Fitting the Markov chains
Given the weather on a day, the Markovianness of the process means that the weather on the next day is drawn from a categorical distribution, with probabilities given by the corresponding column in the transition matrix. The Markov chains used here are time-inhomogeneous: the transition matrix changes from day to day. The transition matrix probabilities were assumed to vary in time along Gaussian radial-basis splines (taking into account the modular nature of dates around year boundaries), with six knots spaced evenly throughout the year.
The transition probabilities at each knot were given a Dirichlet(1) prior; this, combined with the categorical likelihood, allowed for a slight computational shortcut. Each year was broken up into 53 weeks (with the last week shorter than 7 days), and the number of transitions from each kind of weather to the other, across all the years of data, was counted. Then these counts were modelled from a multinomial distribution, with transition probabilities coming from the above splines.

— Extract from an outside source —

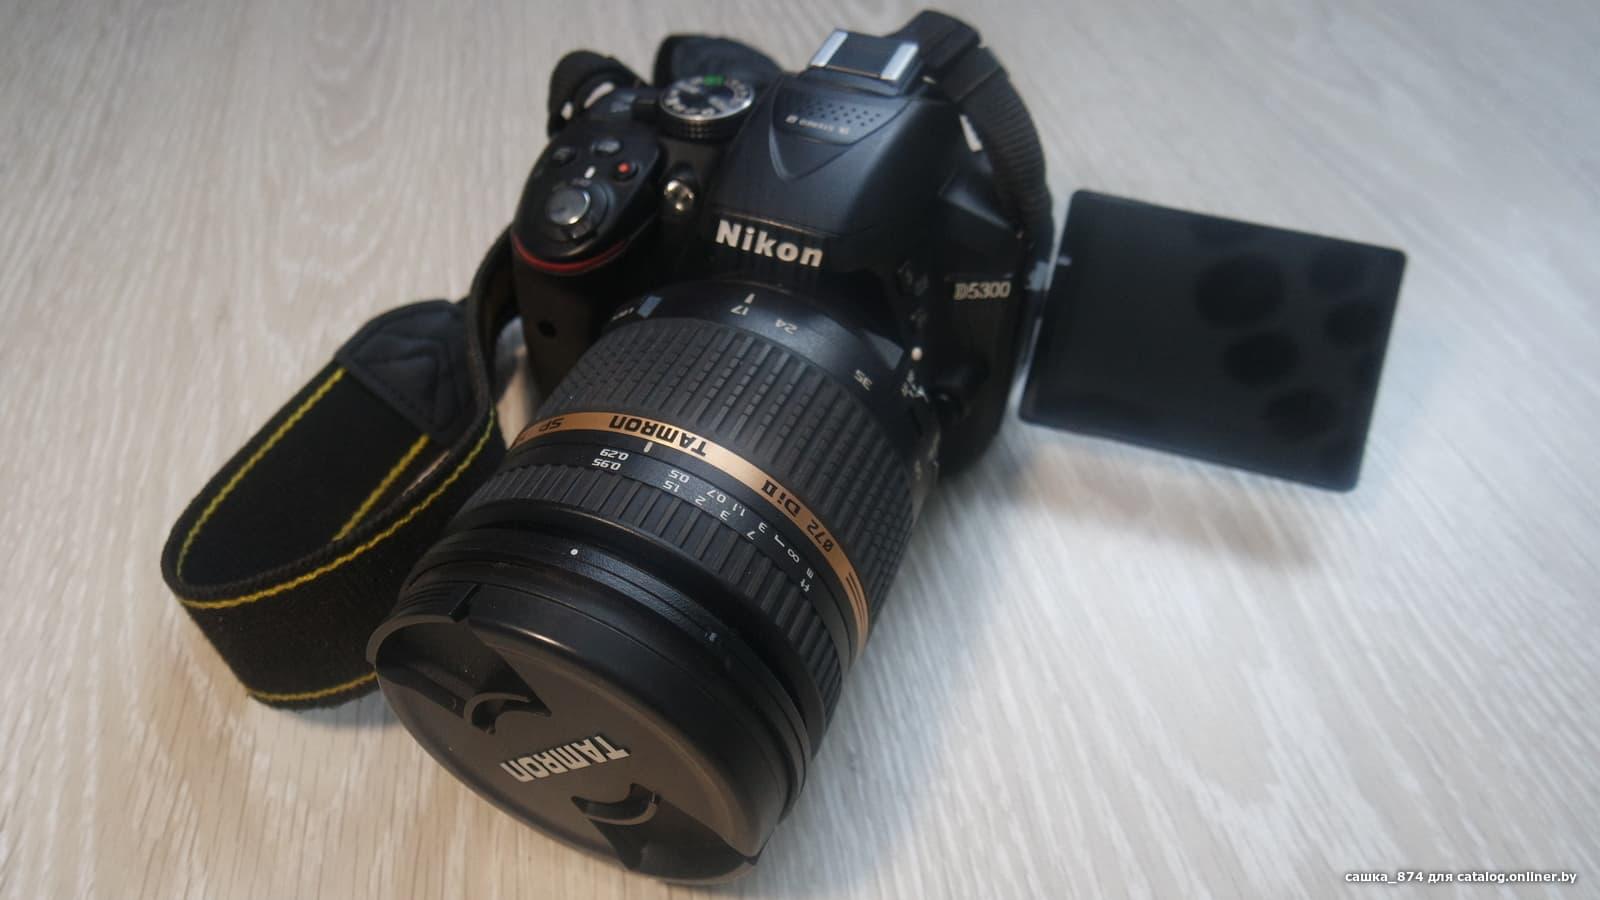 база китовый фотоаппарат что это служит обеденным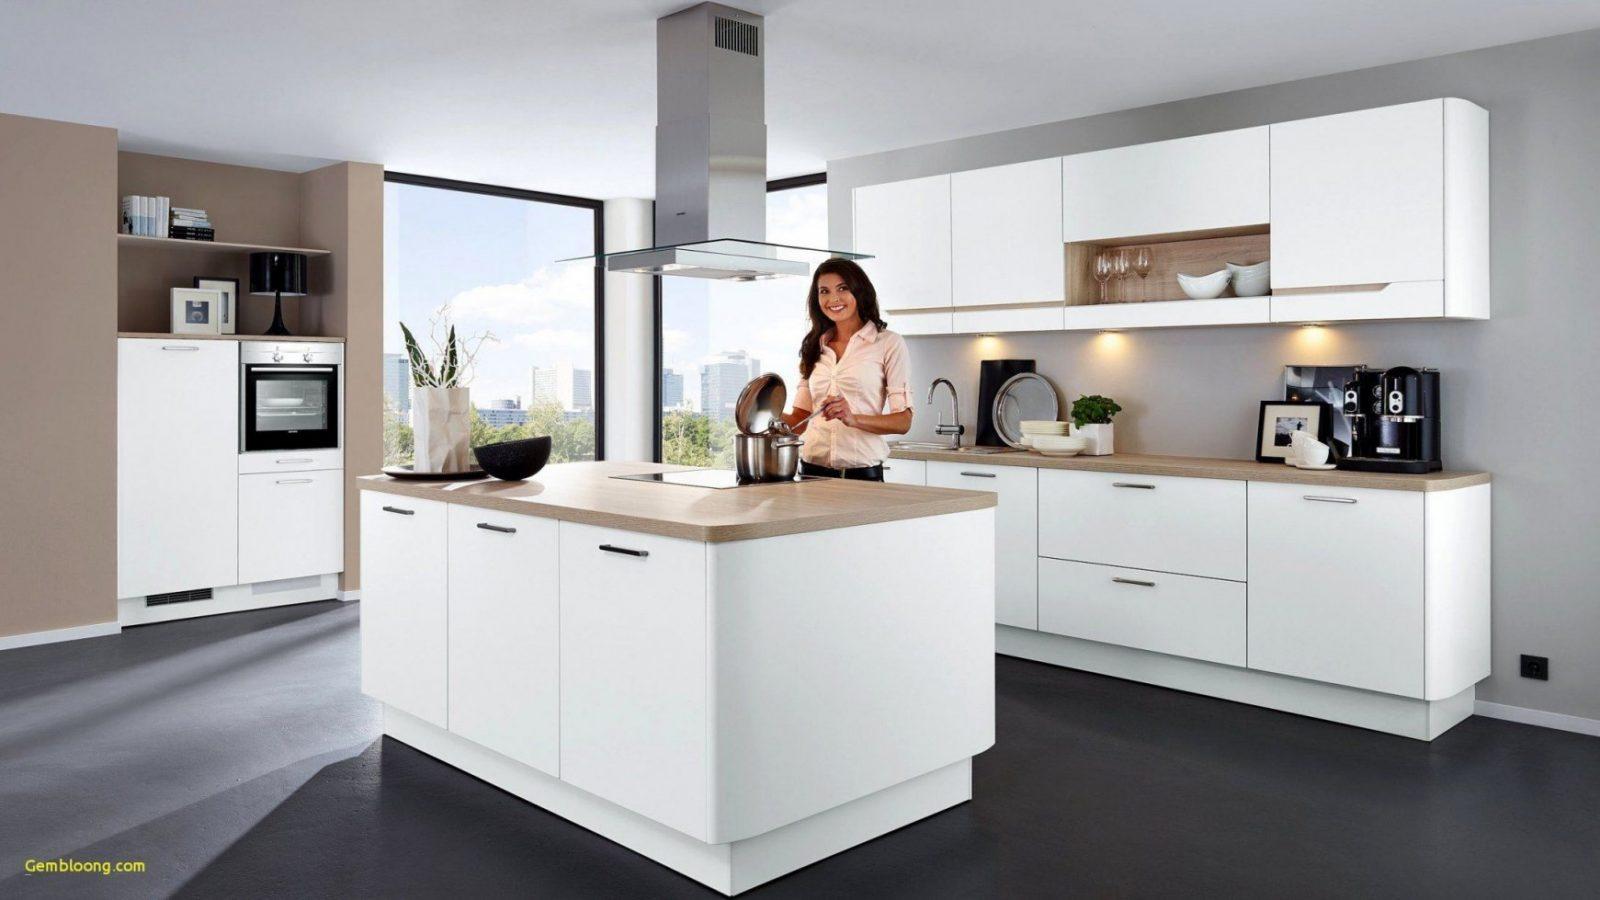 Kuche Mit Kochinsel Modern Luxus 40 Zeilen Kuche Kuchen Design Von von Luxus Küche Mit Kochinsel Bild

Once the model was fit to each city’s data (using Stan), a transition matrix could be drawn for every week (or day, if desired) of the year, and this transition matrix could be solved for its steady-state distribution using its eigendecomposition. This yielded the weather mixture charts.
The diagonal of the estimated transition matrices represent the probability of staying in the same weather state from one day to the next. Averaging these probabilities across the four weather types (a weighted average, with weights proportional to the steady-state probabilities) yielded a composite probability of maintaining the current weather. Markovianness then implies that the number of days at a certain state follows a geometric distribution; the average streak length is then easily calculated as the reciprocal of the probability of a change in the weather.
Weather data came from NOAA’s database. A day was classified as cloudy if the sun shone for less than 30% of the day. Most cities’ weather stations had around 35 years where precipitation, snowfall, and cloud cover were measured every day.